◆ Your instructions: Exclude the pictures and reproduce the remaining data exactly as written.

◆ Given material:
----------------
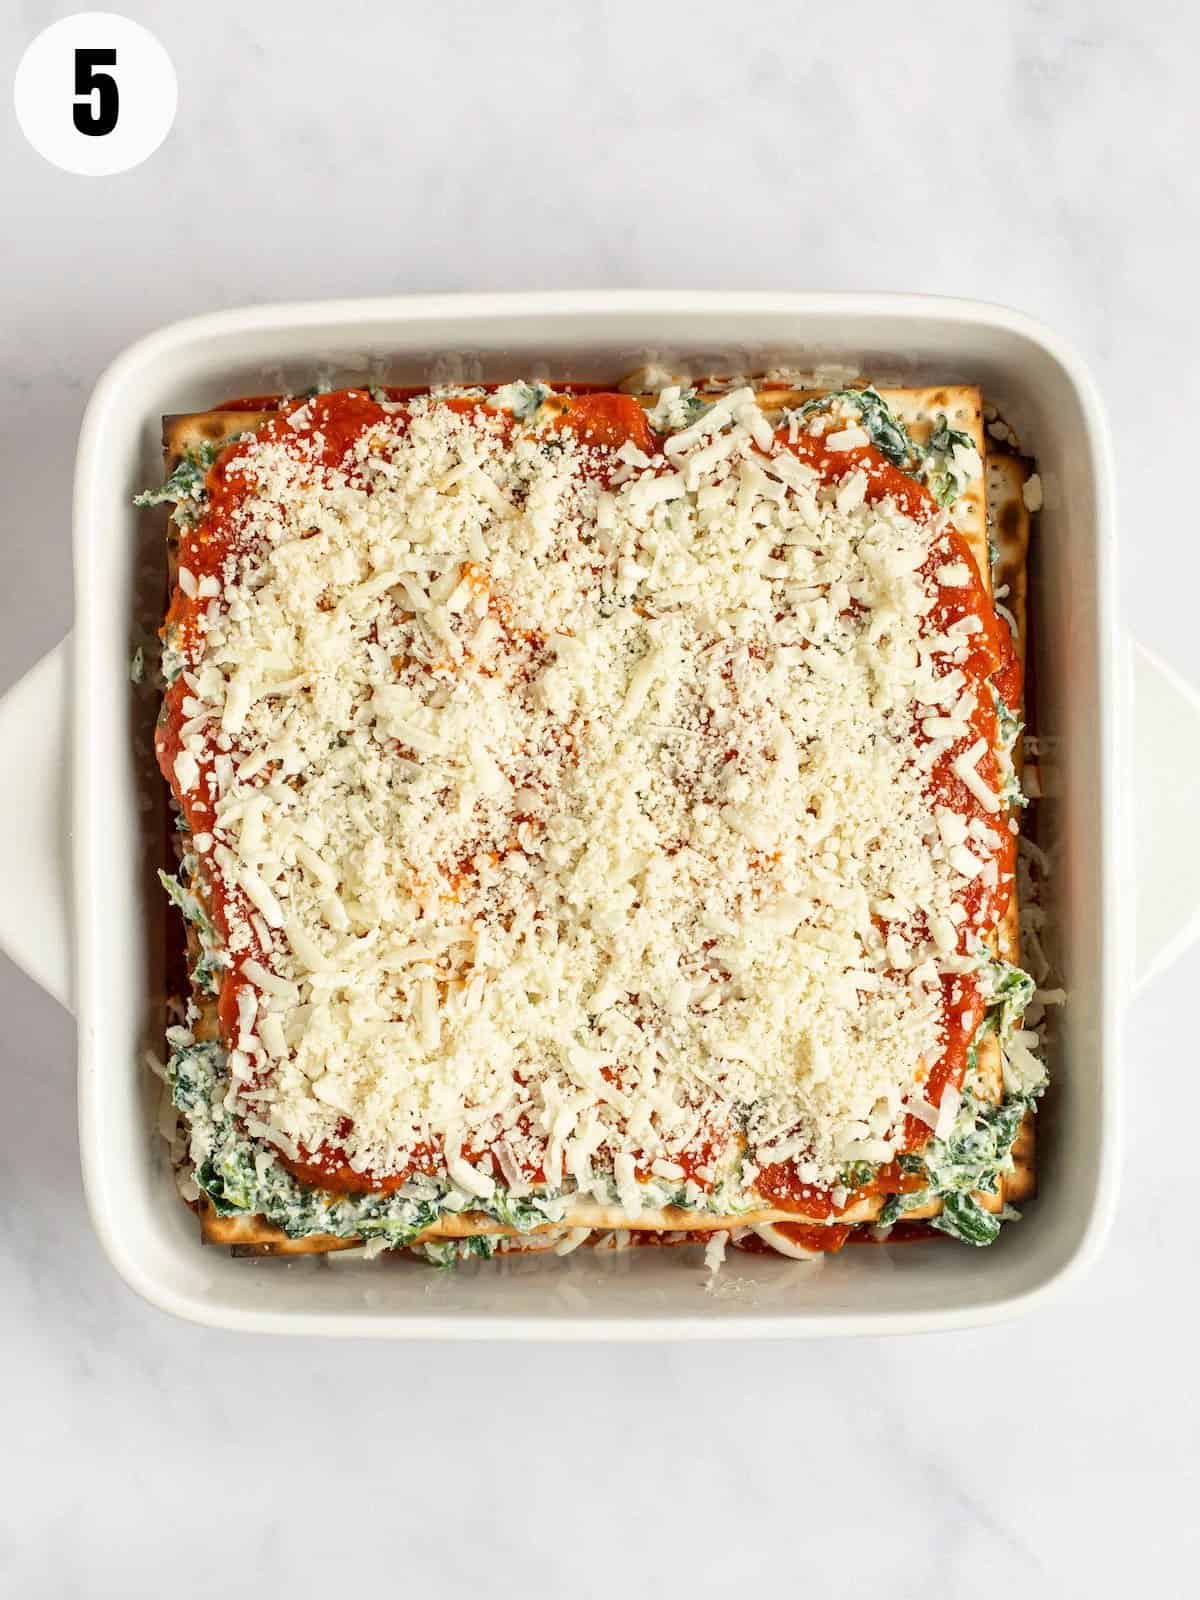 Mozzarella layered on marinara sauce and spinach making lasagna.
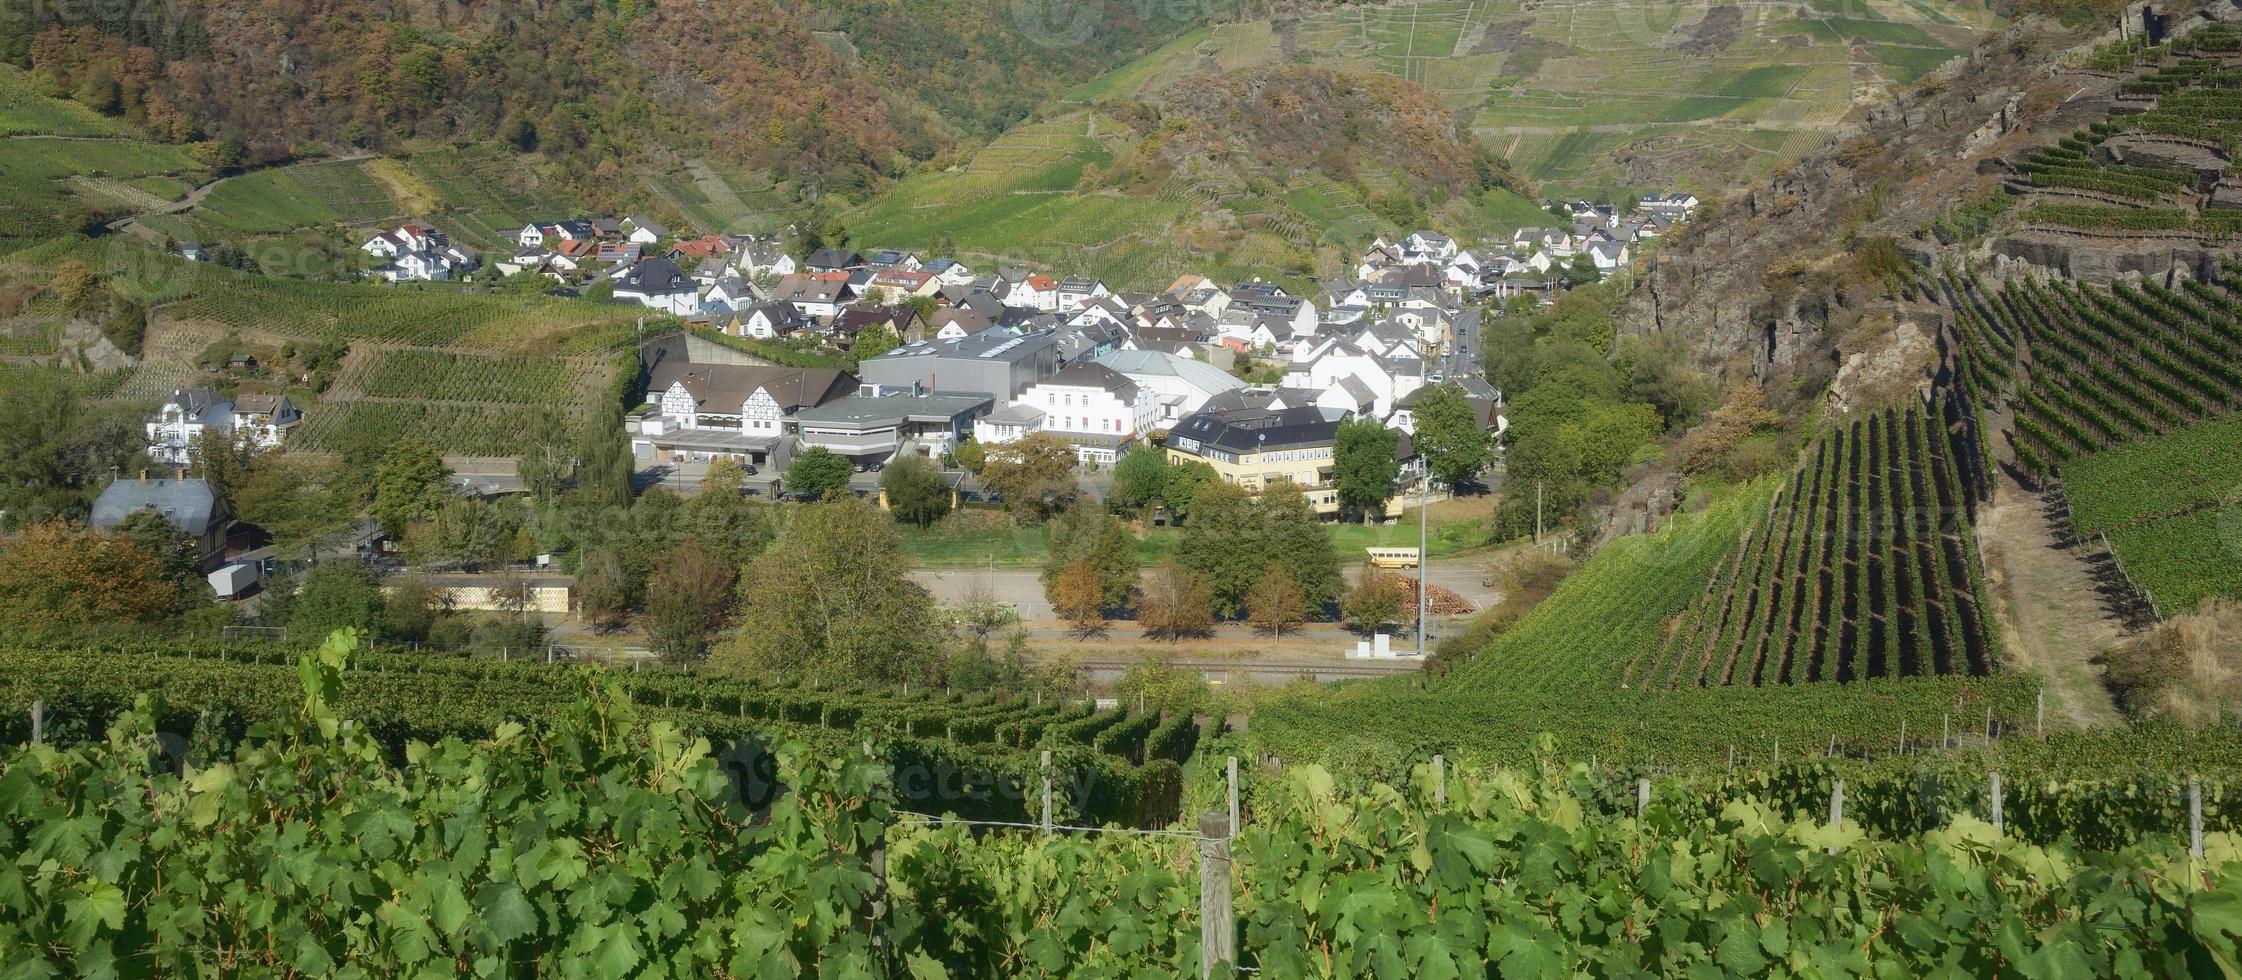 wijn dorp van meischoss voordat de overstroming 2021, ahrtal, rijnland-palts, duitsland foto
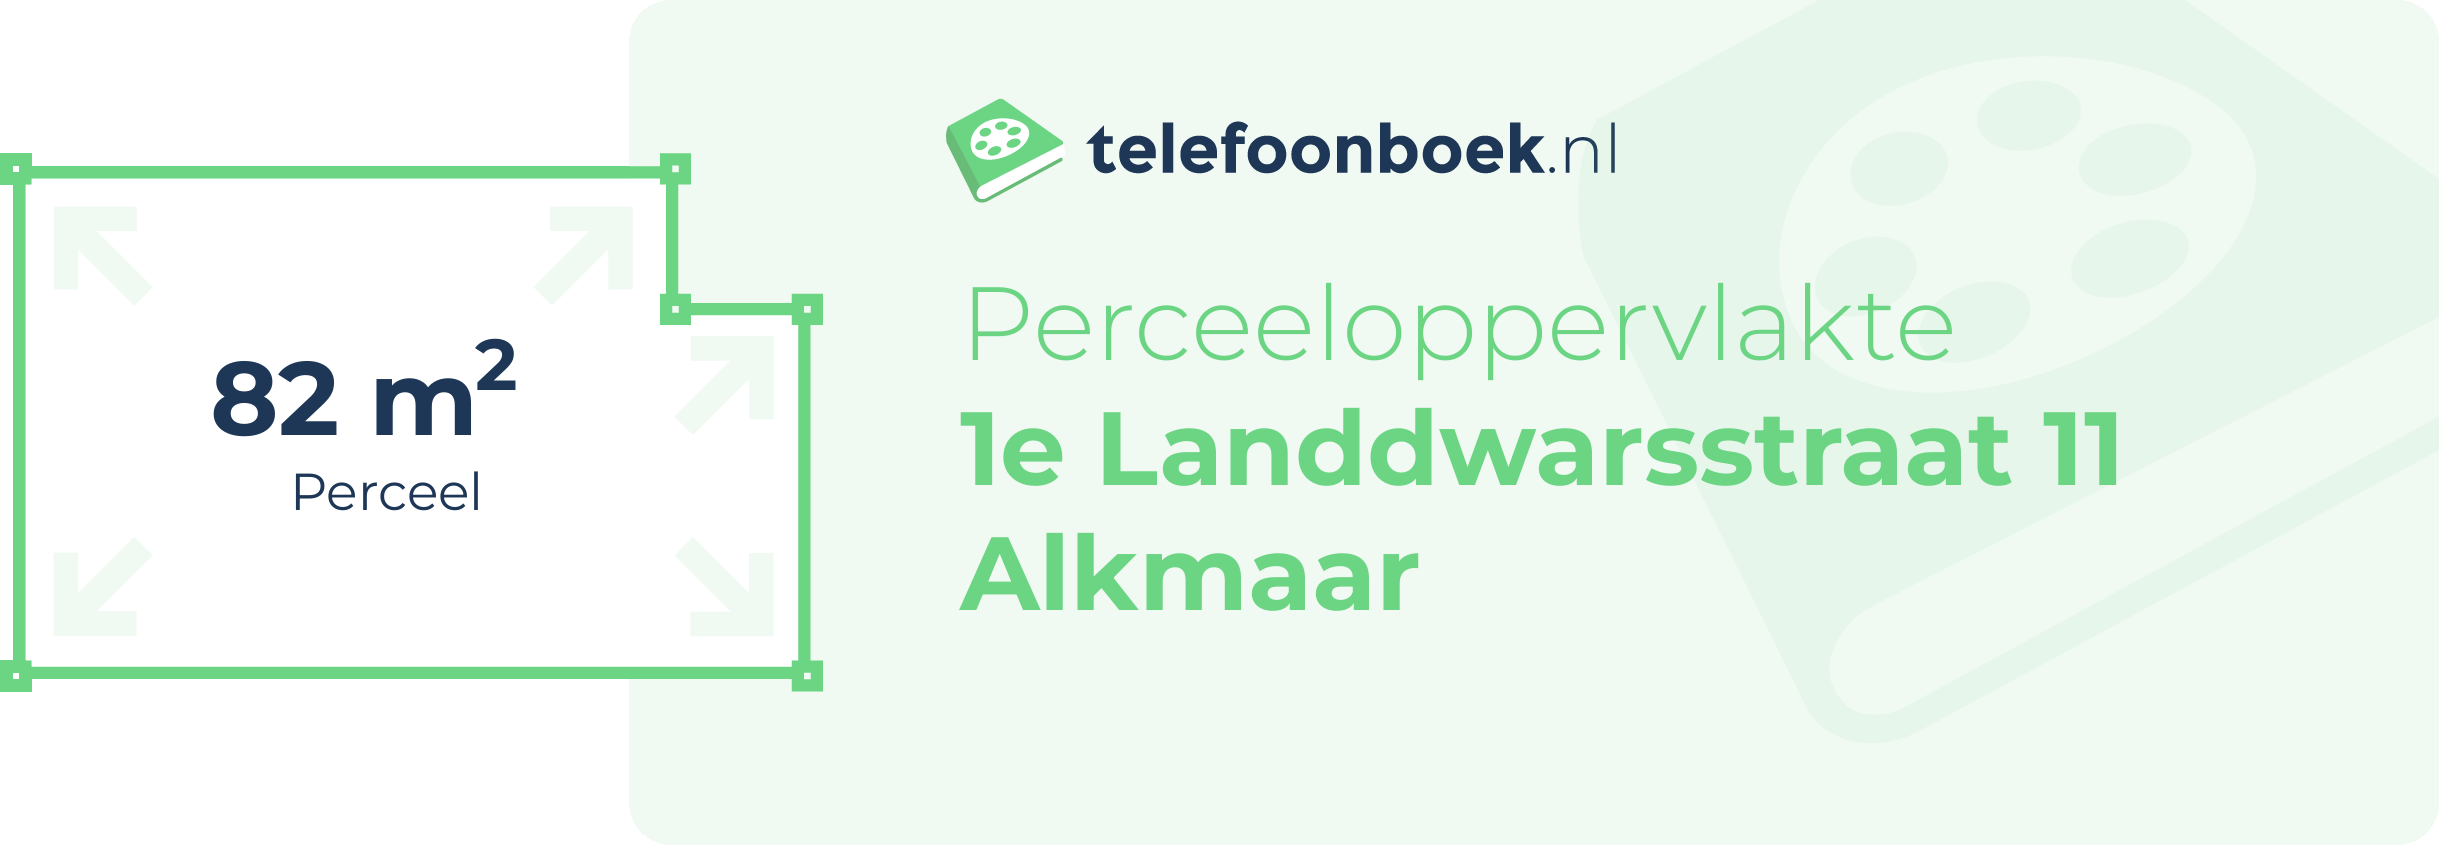 Perceeloppervlakte 1e Landdwarsstraat 11 Alkmaar
----------------
◆ Answer:
 Mozzarella layered on marinara sauce and spinach making lasagna.
 wijn dorp van meischoss voordat de overstroming 2021, ahrtal, rijnland-palts, duitsland foto
 Perceeloppervlakte 1e Landdwarsstraat 11 Alkmaar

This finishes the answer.